Mal 1,66 bis 1,72 Volt Ramspannung testen und alternativ das Timing 8-8-8-24 testen

vorher aber mal sicherstellen das die Command Rate auf 2 eingestellt ist und das Bios das aktuellste ist.


----------



## ilavicion (30. November 2010)

Hab ich alles probiert, bringt leider nichts.


----------



## Bluebeard (1. Dezember 2010)

Bei den Moduen handelt es sich um ein Spezielles Kit für AMD Prozessoren.

"A" oder "B" sind kein Indikator dafür, ob die module für Intel oder AMD CCPUs geeignet sind. Wir haben aber Intel und AMD spezifische Kits im Angebot.

Ist das Bios aktuell?

Wurden die module mal EINZEL getestet um zu überprüfen, dass kein Defekt vorliegt?


----------



## ilavicion (1. Dezember 2010)

Das BIOS des Boards ist laut "ASUS Update" auf dem letzten Stand.

Genau das hab ich vor, demnächst anzugehen. Mir wurde auch schon von einem Bekannten geraten, mal nur zwei Module bzw. jeden Riegel einzeln durchzutesten. Ich hatte immer geglaubt, wenn memtest86+ mit dem gesamten Kit keinen Error findet, ist ein RAM Defekt auszuschließen.

Soll ich dann bei einem Riegel mit den Board-Standardeinstellungen fahren oder mit den von Corsair spezifizierten? Und 1T oder 2T?


----------



## Bluebeard (2. Dezember 2010)

Teste bitte auf 1333 CL7 und 2T (wir spezifizieren alle Moule auf eine Command Rate mit 2T)


----------



## ilavicion (3. Dezember 2010)

Hab ich eingestellt, bringt leider nichts.
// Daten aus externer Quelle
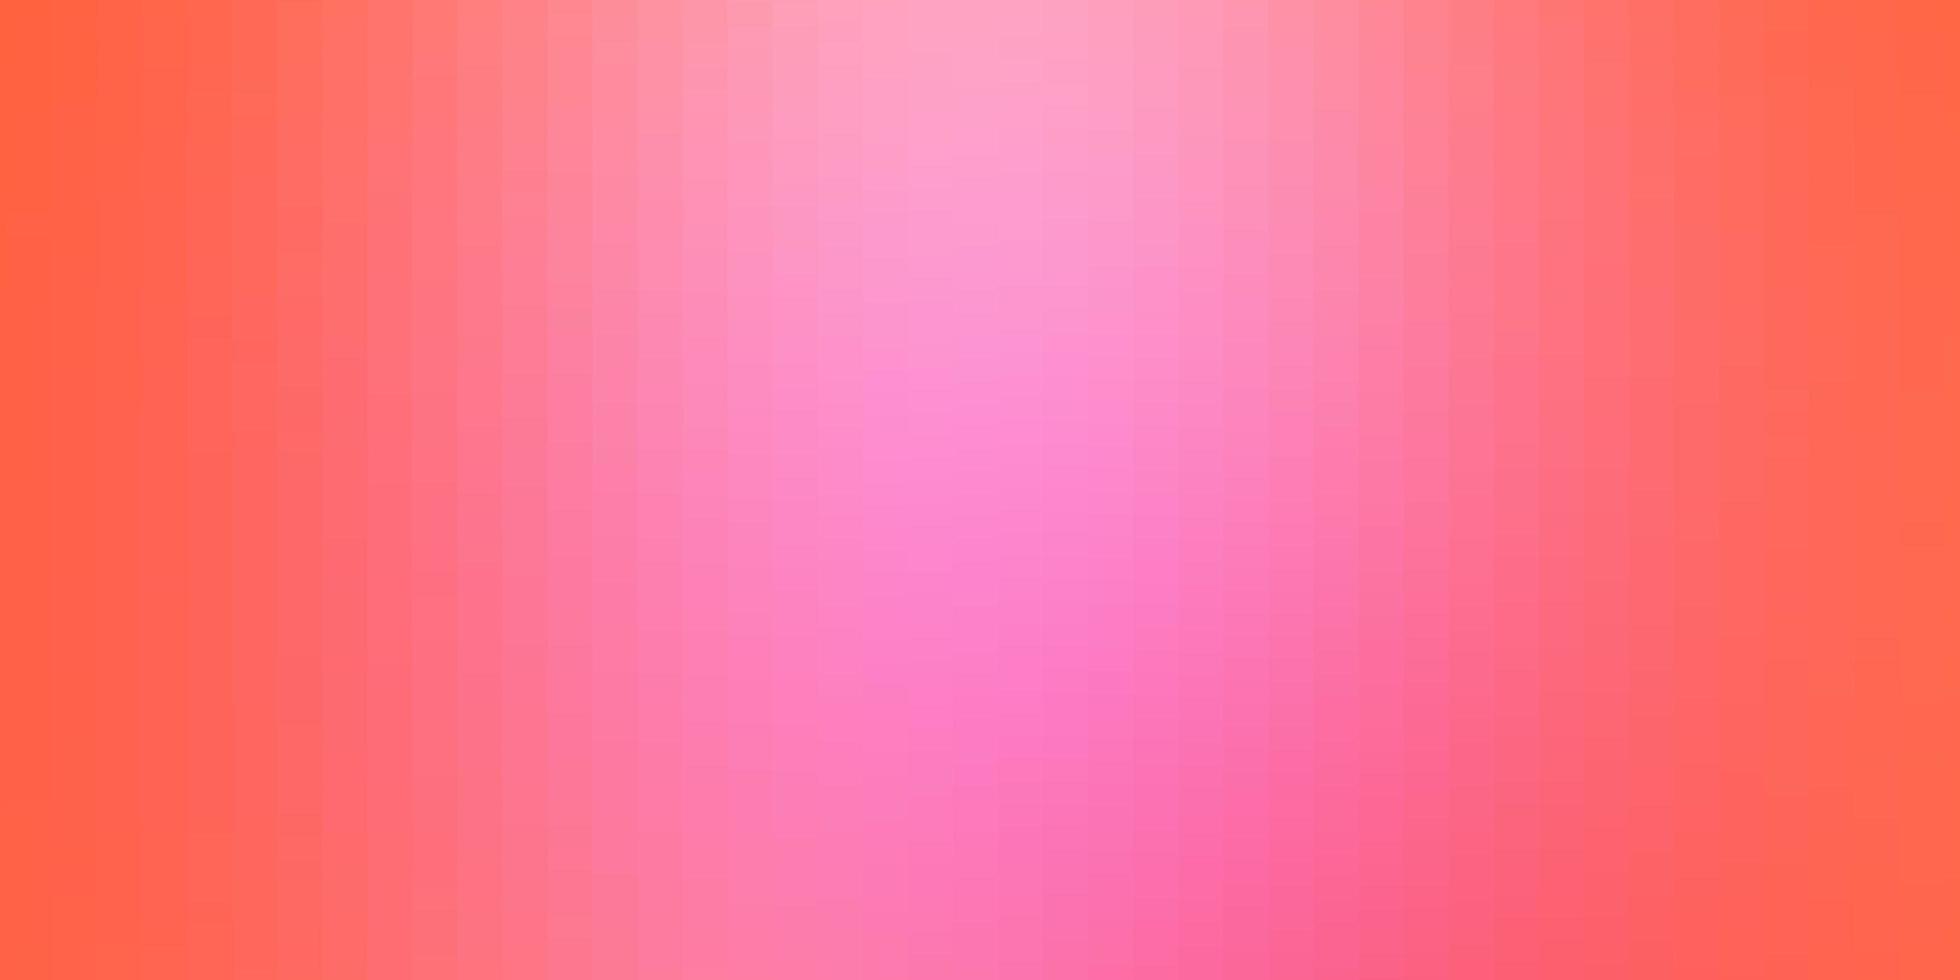 Light Pink vector template with rectangles.

EDIT: Bin soeben mit nur einem Riegel hochgefahren, wollte Prime starten und zack - BSOD.
Lässt das auf ein defektes Brett schließen?

LG ilavicion


----------



## ELPR1NC1PAL (14. Dezember 2010)

im Prinzip ist es sehr unwahrscheinlich das alle Riegel einen weg haben, kann das Board aber auch die CPU sein da dort der Ramcontroller verbaut ist.


----------